Anxiety disorder (AD) is characterized by the development of maladaptive neuronal circuits and changes to the excitatory/inhibitory (E/I) balance of the central nervous system. Although AD is considered to be heritable, specific genetic markers remain elusive. Recent genome-wide association studies (GWAS) studies have identified non-catalytic region of tyrosine kinase adaptor protein 1 (NCK1), a gene that codes for an intracellular adaptor protein involved in actin dynamics, as an important gene in the regulation of mood. Using a murine model in which NCK1 is inactivated, we show that male, but not female, mice display increased levels of context-dependent anxiety-like behaviors along with an increase in circulating serum corticosterone relative to control. Treatment of male NCK1 mutant mice with a positive allosteric modulator of the GABA_A receptor rescued the anxiety-like behaviors implicating NCK1 in regulating neuronal excitability. These defects are not attributable to apparent defects in gross brain structure or in axon guidance. However, when challenged in an approach-avoidance conflict paradigm, male NCK1-deficient mice have decreased neuronal activation in the prefrontal cortex (PFC), as well as decreased activation of inhibitory interneurons in the basolateral amygdala (BLA). Finally, NCK1 deficiency results in loss of dendritic spine density in principal neurons of the BLA. Taken together, these data implicate NCK1 in the control of E/I balance in BLA. Our work identifies a novel role for NCK1 in the regulation of sex-specific neuronal circuitry necessary for controlling anxiety-like behaviors. Further, our work points to this animal model as a useful preclinical tool for the study of novel anxiolytics and its significance towards understanding sex differences in anxiolytic function.

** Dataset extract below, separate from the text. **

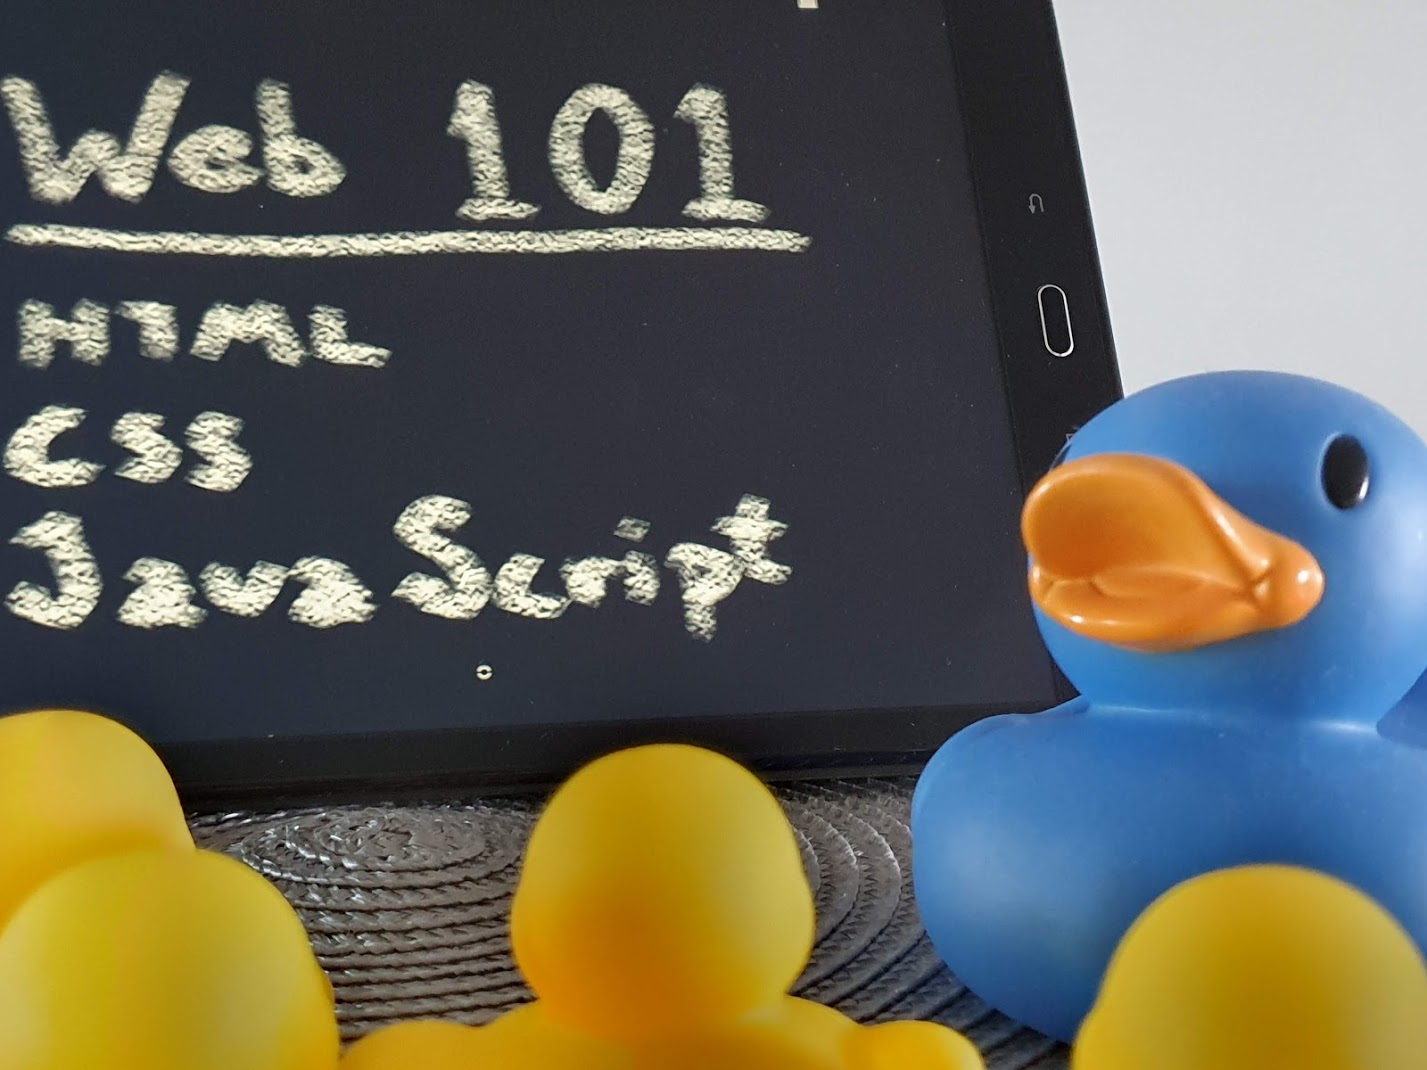 A big blue rubber duck teaching web development to smaller yellow rubber ducks

焦虑症（AD）的特征是适应不良的神经元回路的发展以及中枢神经系统兴奋/抑制（E / I）平衡的变化。尽管AD被认为是可遗传的，但是具体的遗传标记仍然难以捉摸。最近的全基因组关联研究（GWAS）研究已确定酪氨酸激酶衔接蛋白1（NCK1）的非催化区域，该基因编码参与肌动蛋白动力学的细胞内衔接蛋白，是调节情绪的重要基因。使用其中NCK1的鼠模型灭活后，我们显示雄性而非雌性小鼠表现出与情景相关的焦虑样行为水平升高，以及相对于对照的循环血清皮质酮水平升高。用GABA _A的正变构调节剂治疗雄性NCK1突变小鼠受体挽救了NCK1参与调节神经元兴奋性的焦虑样行为。这些缺陷不能归因于总体大脑结构或轴突引导中的明显缺陷。但是，当在避免进近冲突的范式中受到挑战时，雄性NCK1缺陷型小鼠的前额叶皮层（PFC）中的神经元激活降低，而基底外侧杏仁核（BLA）中的抑制性中间神经元激活降低。最后，NCK1缺乏导致BLA主要神经元的树突棘密度降低。综上所述，这些数据意味着NCK1参与了BLA中E / I平衡的控制。我们的工作确定了NCK1的新角色在控制焦虑样行为所需的性别特异性神经元回路的调节中。此外，我们的工作指出这种动物模型是研究新型抗焦虑药的有用的临床前工具，并且对理解抗焦虑功能的性别差异具有重要意义。